Стук автомобильной дверцы вырвал Б. П. из медвежьего транса, отчего тоска по дому только усилилась. При мысли о ливерной колбасе сердце его взыграло, и, открыв дверь, он принюхался. Но это приехала в коричневом «таурусе» Шарон; рядом с ней храпел Боб. Теперь на ней была взрослая одежда, майка и джинсы, а не розовое платьице с лакированными туфельками. Она прислонилась к двери автомобиля, красиво выставив бедро, под майкой нахально торчали соски.
— Боб потребовал привезти его сюда, хотел перед вами извиниться — но вот спит.
— Не буди лиха, — неизвестно почему сказал Б. П.
— Не сердитесь на него. Он просто большой ребенок.
— Не сержусь. У него свои трудности. Тяжело, наверное, когда вся твоя семья больна, да еще мама шляется по улицам.
— A-а, ерунда все это. Наши семьи дружат бог знает сколько лет, и ничего с его женой и ребятами не происходит, если не считать обычных неврозов, наркотиков и алкоголя.
— Да что вы говорите? — Б. П. не понимал, ошеломлен он, удивлен или просто отвлекся на минуту от собственных затруднений. — Я думал, вы его подруга.

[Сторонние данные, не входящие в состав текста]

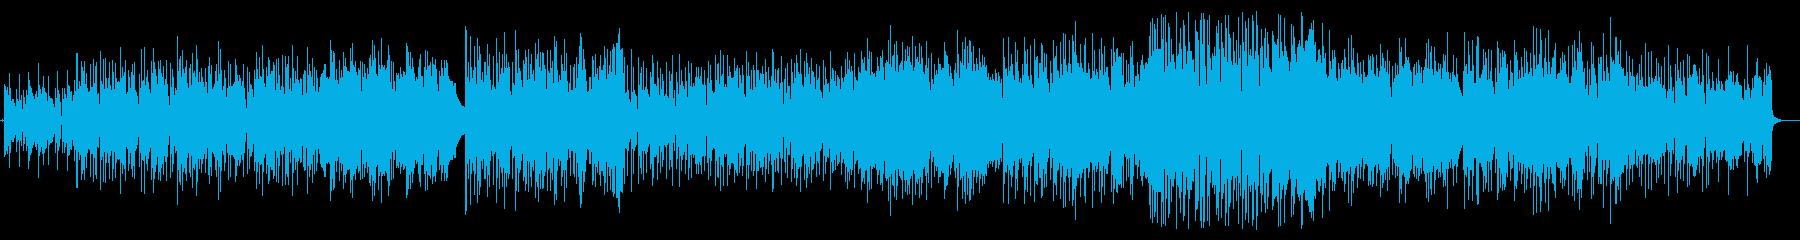 スローでアンニュイ ダークなロックの再生済みの波形

— Признаюсь, я его немного морочила. На самом деле я хочу сделать карьеру в кино и после вчерашнего приема, кажется, смогу получить работу у знаменитого Ллойда Бентала. Он напоминает грушу с губной помадой, но мне очень понравился. Читал мне стихи на пяти языках.
— Ну, поздравляю. — Теперь он, точно, был ошеломлен. Внутри этого большого города явно есть маленький город. Меньше всего ему хотелось сообщить Шарон, что он составляет заговор против разностороннего Ллойда.
— Вам когда-нибудь говорили, что вы жутко привлекательны? — Шарон оглянулась — спит ли еще Боб Дулат.
— Не могу сказать, что не слышал такого.
Они смотрели в глаза друг другу, как не принято в других частях животного мира. Б. П. поклонился и широким жестом показал на свою дверь мотеля. Шарон вошла, заметно покраснев. Немного погодя он озадаченно подумает, до чего испорчены могут быть отношения между временем и людьми. За дверью они с Шарон буквально столкнулись. Ее джинсы были полуспущены, и он тискал ее голый зад, а она грубовато дергала его за член, как будто заводила подвесной мотор старой модели. Языки их радостно сошлись, и в это время снаружи завопил Лон Мартен: «Ливерная колбаса от Нэйта и Ала!» Сердце готово было разорваться — так близко и вдруг так далеко. Несправедливостью обдало его, будто в лицо пернул слон. Он быстро заправил своего солдата под ремень и вышел наружу, а за ним Шарон, почему-то насвистывавшая марш «Полковник Боги».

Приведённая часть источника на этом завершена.